Because we are so often solving problems in quantum mechanics, it is sometimes easy to forget that certain effects also show up in classical physics and are not “mysterious quantum phenomena”. One of these is the problem of avoided crossings or level repulsion, which can be much more easily understood in the classical realm. I would argue that the Fano resonance also represents a case where a classical model is more helpful in grasping the main idea. Perhaps not too surprisingly, a variant of the classical harmonic oscillator problem is used to illustrate the respective concepts in both cases.

There is also another cute example that illustrates why overtones of the natural harmonic frequency components result when subject to slightly nonlinear oscillations. The solution to this problem therefore shows why harmonic distortions often affect speakers; sometimes speakers emit frequencies not present in the original electrical signal. Furthermore, it shows why second harmonic generation can result when intense light is incident on a material.

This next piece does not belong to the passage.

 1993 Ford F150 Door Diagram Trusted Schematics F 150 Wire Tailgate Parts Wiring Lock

First, imagine a perfectly harmonic oscillator with a potential of the form $V(x) = \frac{1}{2} kx^2$. We know that such an oscillator, if displaced from its original position, will result in oscillations at the natural frequency of the oscillator $\omega_o = \sqrt{k/m}$ with the position varying as $x(t) = A \textrm{cos}(\omega_o t + \phi)$. The potential and the position of the oscillator as a function of time are shown below:

(Left) Harmonic potential as a function of position. (Right) Variation of the position of the oscillator with time

Now imagine that in addition to the harmonic part of the potential, we also have a small additional component such that $V(x) = \frac{1}{2} kx^2 + \frac{1}{3}\epsilon x^3$, so that the potential now looks like so:

The equation of motion is now nonlinear:

$\ddot{x} = -c_1x - c_2x^2$

where $c_1$ and $c_2$ are constants. It is easy to see that if the amplitude of oscillations is small enough, there will be very little difference between this case and the case of the perfectly harmonic potential.

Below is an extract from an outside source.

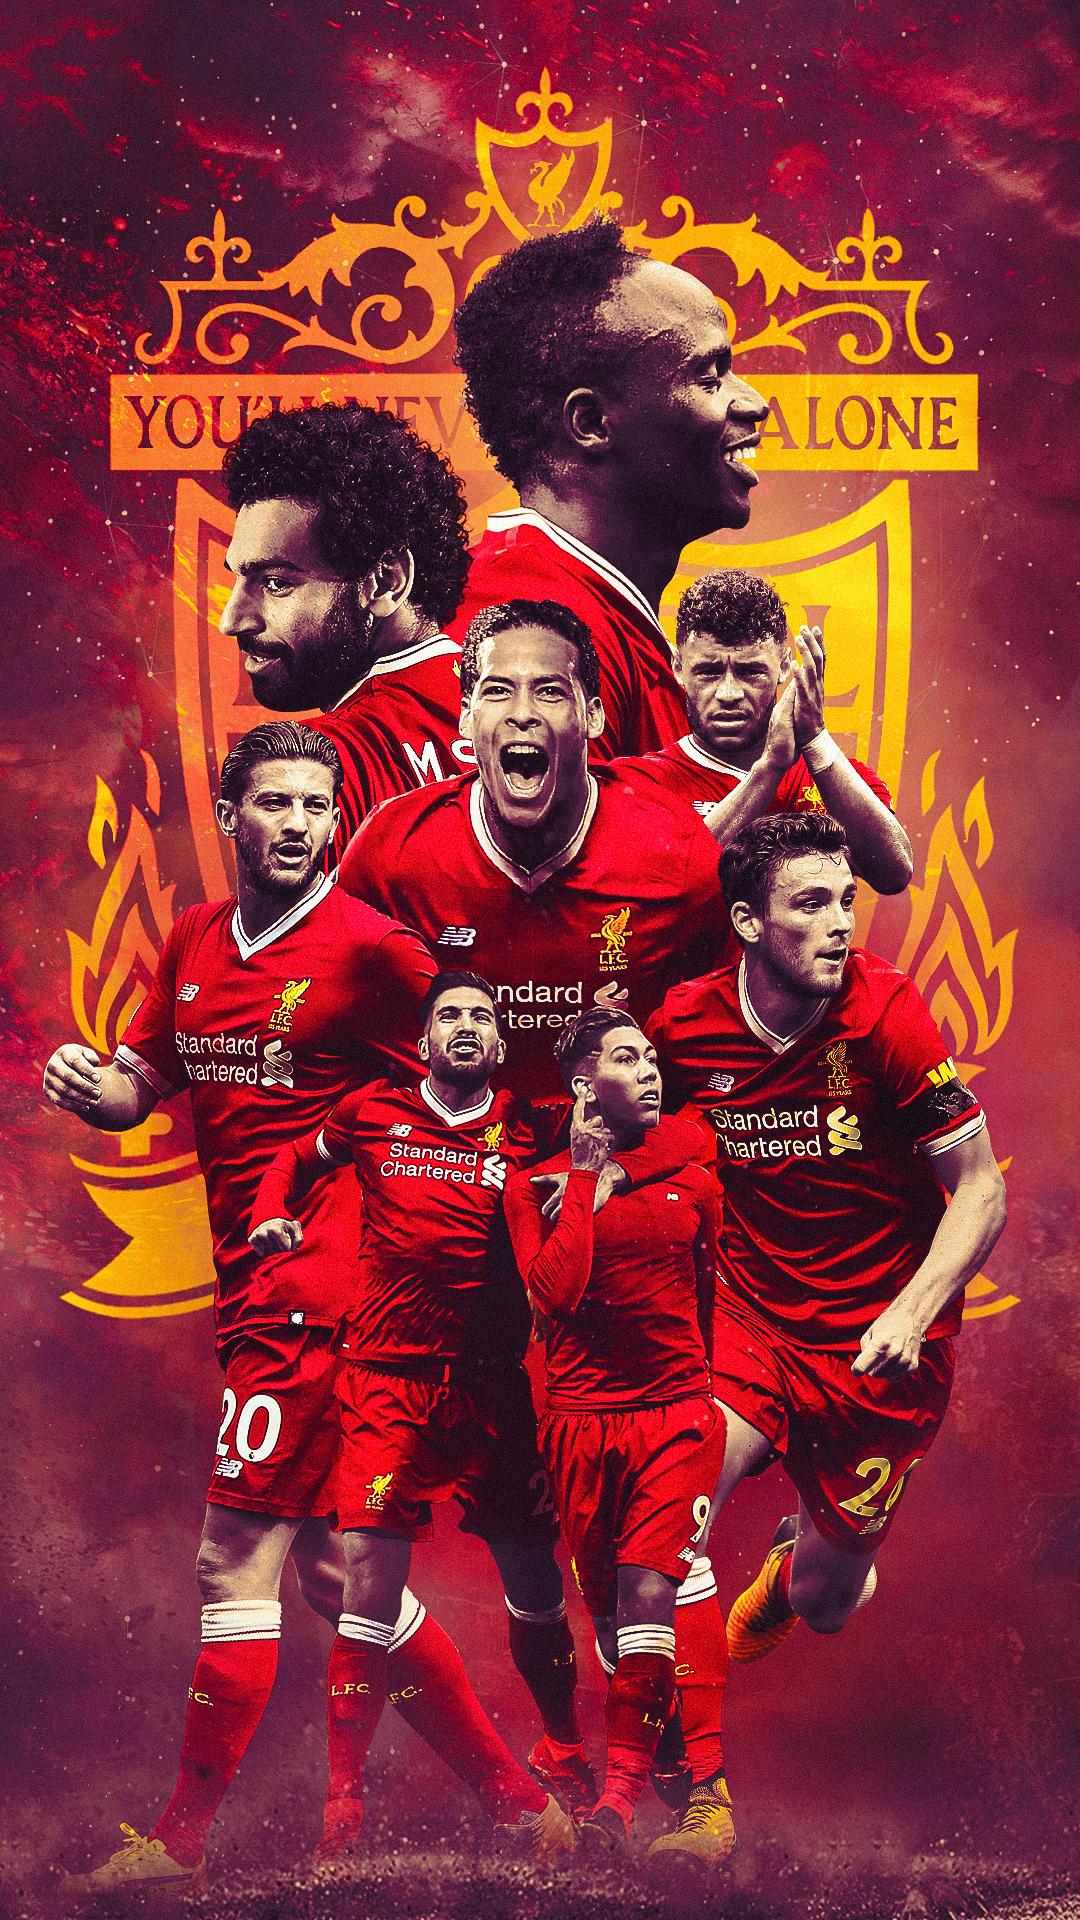 Liverpool - HD Wallpaper by Kerimov23 on DeviantArt

However, if the amplitude of the oscillations gets a little larger, there will clearly be deviations from the pure sinusoid. So then what does the position of the oscillator look like as a function of time? Perhaps not too surprisingly, considering the title, is that not only are there oscillations at $\omega_0$, but there is also an introduction of a harmonic component with $2\omega_o$.

While the differential equation can’t be solved exactly without resorting to numerical methods, that the harmonic component is introduced can be seen within the framework of perturbation theory. In this context, all we need to do is plug the solution to the simple harmonic oscillator, $x(t) = A\textrm{cos}(\omega_0t +\phi)$ into the nonlinear equation above. If we do this, the last term becomes:

$-c_2A^2\textrm{cos}^2(\omega_0t+\phi) = -c_2 \frac{A^2}{2}(1 + \textrm{cos}(2\omega_0t+2\phi))$,

showing that we get oscillatory components at twice the natural frequency. Although this explanation is a little crude — one can already start to see why nonlinearity often leads to higher frequency harmonics.

With respect to optical second harmonic generation, there is also one important ingredient that should not be overlooked in this simplified model. This is the fact that frequency doubling is possible only when there is an $x^3$ component in the potential. This means that the potential needs to be inversion asymmetric. Indeed, second harmonic generation is only possible in inversion asymmetric materials (which is why ferroelectric materials are often used to produce second harmonic optical signals).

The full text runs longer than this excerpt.